_Stored items_
--------
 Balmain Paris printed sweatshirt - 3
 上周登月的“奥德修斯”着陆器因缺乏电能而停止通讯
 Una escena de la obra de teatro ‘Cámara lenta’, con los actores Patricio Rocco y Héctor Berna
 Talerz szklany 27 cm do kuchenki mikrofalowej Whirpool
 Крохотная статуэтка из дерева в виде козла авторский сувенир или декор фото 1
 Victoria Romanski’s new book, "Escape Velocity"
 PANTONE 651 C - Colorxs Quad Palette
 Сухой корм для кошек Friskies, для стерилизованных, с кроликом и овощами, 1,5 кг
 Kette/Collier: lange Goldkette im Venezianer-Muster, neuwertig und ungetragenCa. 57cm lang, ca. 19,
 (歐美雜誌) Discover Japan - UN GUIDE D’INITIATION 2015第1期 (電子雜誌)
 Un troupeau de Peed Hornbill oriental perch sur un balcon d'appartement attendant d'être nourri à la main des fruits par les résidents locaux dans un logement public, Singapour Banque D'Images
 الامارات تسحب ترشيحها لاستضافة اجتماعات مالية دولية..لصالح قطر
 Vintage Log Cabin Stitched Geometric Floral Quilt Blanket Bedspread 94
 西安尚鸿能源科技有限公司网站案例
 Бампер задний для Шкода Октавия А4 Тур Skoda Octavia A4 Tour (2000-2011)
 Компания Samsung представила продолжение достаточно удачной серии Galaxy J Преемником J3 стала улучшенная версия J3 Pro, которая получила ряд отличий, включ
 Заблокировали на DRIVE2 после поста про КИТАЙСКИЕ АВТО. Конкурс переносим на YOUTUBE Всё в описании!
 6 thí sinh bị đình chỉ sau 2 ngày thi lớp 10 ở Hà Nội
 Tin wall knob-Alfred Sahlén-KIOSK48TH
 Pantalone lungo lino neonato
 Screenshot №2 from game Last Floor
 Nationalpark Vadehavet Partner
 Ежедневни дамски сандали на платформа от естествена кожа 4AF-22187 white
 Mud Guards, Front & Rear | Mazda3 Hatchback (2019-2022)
--------
_WHAT YOU HAVE TO DO_
Copy out the lines above exactly, beginning at the one that contains "Una escena de" and ending at the one that contains "PANTONE 651 C - Colorxs Quad Palette".

_RESULT OF THIS TASK_
 Una escena de la obra de teatro ‘Cámara lenta’, con los actores Patricio Rocco y Héctor Berna
 Talerz szklany 27 cm do kuchenki mikrofalowej Whirpool
 Крохотная статуэтка из дерева в виде козла авторский сувенир или декор фото 1
 Victoria Romanski’s new book, "Escape Velocity"
 PANTONE 651 C - Colorxs Quad Palette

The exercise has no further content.